Seth Rao
CEO at FirstEigen
What is Data Monitoring? Discover How a Data Monitoring System Can Elevate Your Data Quality
What is Data Monitoring and Why Do You Need It?
Organizations leverage information to make decisions that affect people and revenue. Data monitoring plays a role by ensuring that any data submitted is reliable and meets the criteria of an organization. It keeps checking the data to verify that it still holds to the rules of a business, even if those rules change. Today, 88% of companies use market research to make business decisions. For businesses, understanding data monitoring translates to maintaining reliable and valuable information.
Read on to better understand how data monitoring works and why you need it.
Key takeaways
- Data monitoring is a process that continually checks provided information for quality and conformity based on an organization’s standards.
- The most significant benefit from data monitoring is that business decisions result from accurate and relevant information.
- Data monitoring addresses at least four aspects of data quality: completeness, conformity, uniqueness, and accuracy.
- Five characteristics of an effective data monitoring solution are granularity, ubiquity, automation, persistence, and timeliness.
An Intro to Data Monitoring
Data monitoring is a process that continually checks provided information for quality and conformity based on an organization’s standards.
What kind of data do businesses check? The applications are many, but here are some examples:
- Account and transactional data at banks
- Sales performance at Pharmaceutical companies
- Patient records from a health care provider
- IoT data from sensors that monitor 1000’s of locations and equipment
- Global employee records for companies
- Rebate tracking and validation
- Validating financial data reported to Wall Street
Why is Data Monitoring Important?
The most significant benefit from data monitoring is that business decisions result from accurate and relevant information. Should a company invest in a particular product? Is a pharmacy chain deciding whether to close some of its stores? Should a business shift its advertising focus to a specific demographic? Since these decisions impact the company and people, reliable data is vital.

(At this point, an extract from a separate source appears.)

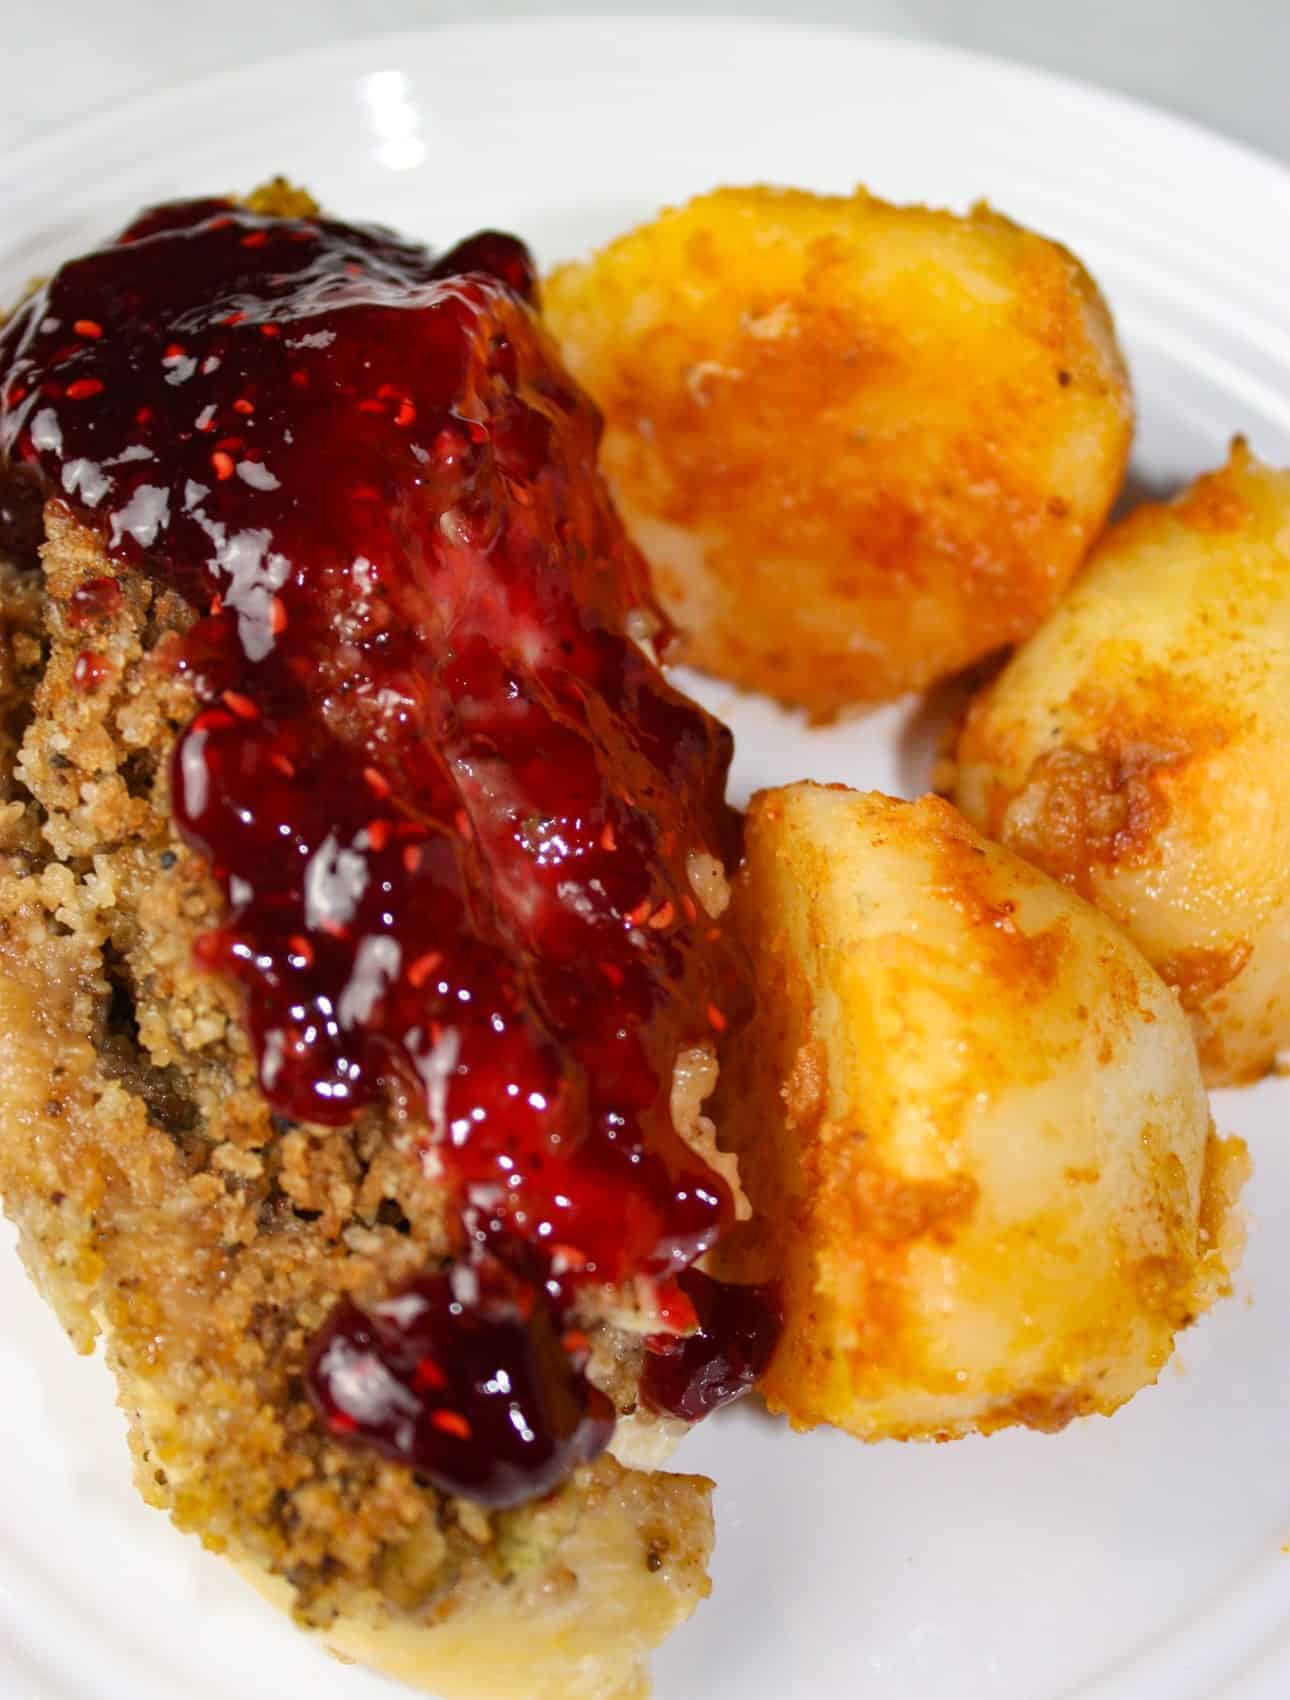 Instant Pot Stuffed Chicken Breasts and Seasoned Potatoes is a gourmet style meal that is very appealing when plated.  Each chicken breast is loaded with gluten free stuffing and then smothered in a tangy raspberry sauce.  

In addition, modern data monitoring tools have the added advantage of automation. There is no need for a worker to manually verify the data, thus freeing them for other tasks. Overall, automated data monitoring boosts worker performance, reduces errors, and reduces operational costs.
4 Aspects of Data Quality That Data Monitoring Evaluates
Next, let’s dig a little deeper into the inner workings of data monitoring. An effective data monitoring solution will address four aspects of data quality, though not limited to these. An administrator can configure the monitoring tool to either alert or discard the data.
1. Completeness
When receiving data, a fundamental check is if the information is complete. For example, here is an entry from a subscribers’ list:
The information provided by Sandy and Carol looks correct. However, there are a few issues with Mike’s data. First, the “Last Name” column is blank. Second, a letter is missing at the end of Mike’s email address. These are both examples of incomplete data.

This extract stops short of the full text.